- From: Jerven Bolleman <jerven.bolleman@isb-sib.ch>
- Date: Fri, 13 May 2011 10:01:22 +0200
- To: public-rdf-dawg-comments@w3.org
- Message-ID: <4DCCE552.7000305@isb-sib.ch>
Dear workgroup,
I realized that I might not have been so clear in describing the problem.
Assume that you maintain a publicly available SPARQL endpoint.
You want to support both a HTML view and the official SPARQL formats.
Lets say a user executes the query
SELECT * WHERE {?s ?p ?o}
This will download every triple in your store. In my store this will
mean trying to download 160gb of triples via a single HTTP connection.

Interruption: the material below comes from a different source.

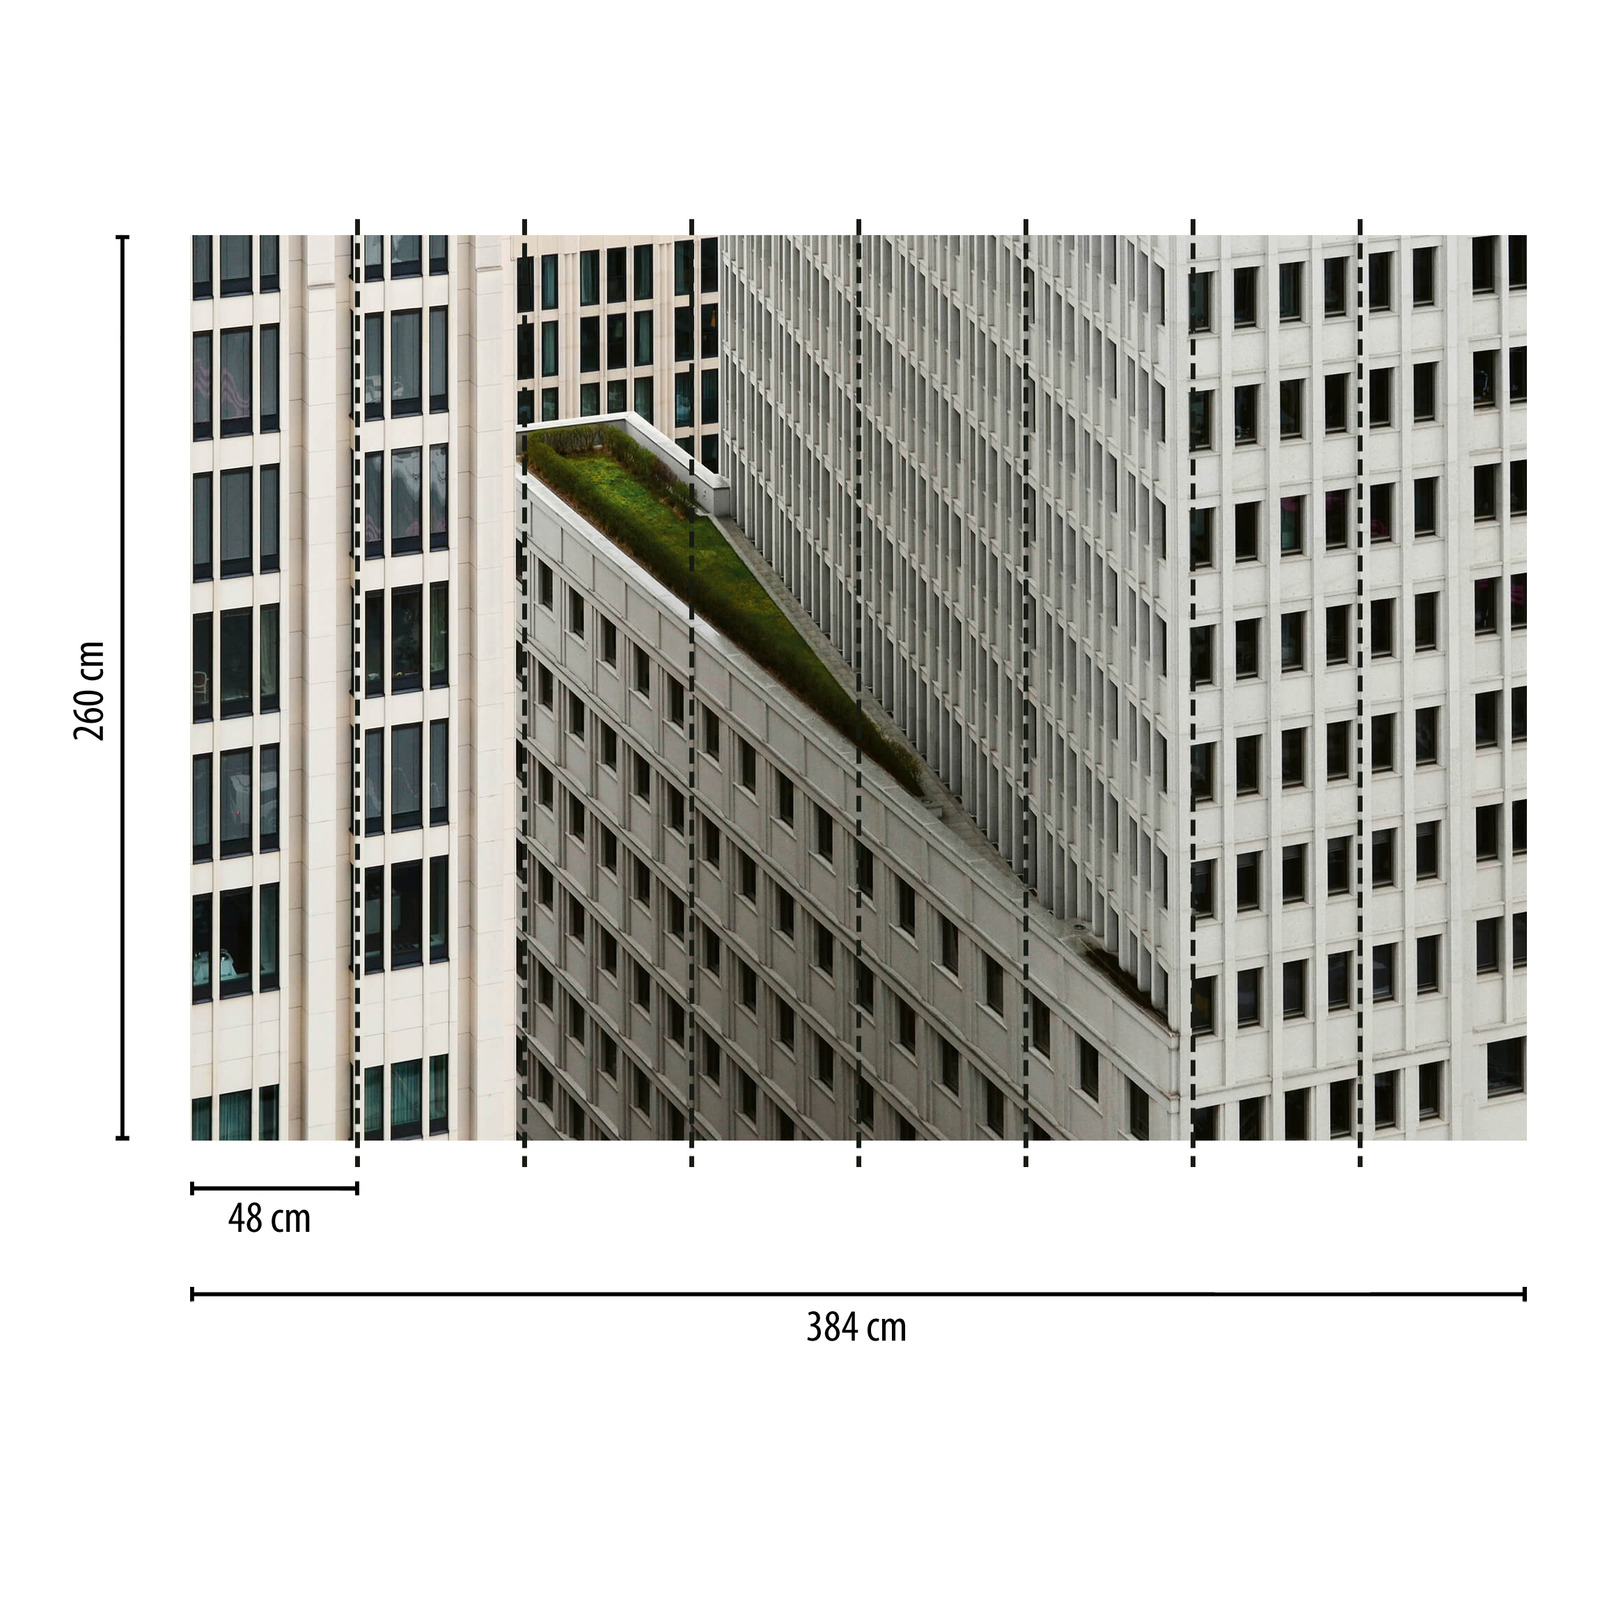             Fototapete Architektur Gebäude – Grau, Weiß, Schwarz

This is not likely to work and if it did most browser will crash on the
HTML view.
Therefore I would like to always put a LIMIT on the query to make sure
that the result will match the capabilities of a common HTTP connection.
e.g. default LIMIT 1000
But I do want people to download more than just the first 1000 results
to their query. I just want them to do it in multiple requests that are
likely to complete and not crash their browsers.
So I need pagination i.e. OFFSET. In practical terms this does exactly
what I need (having briefly tested OWLIM and Virtuoso).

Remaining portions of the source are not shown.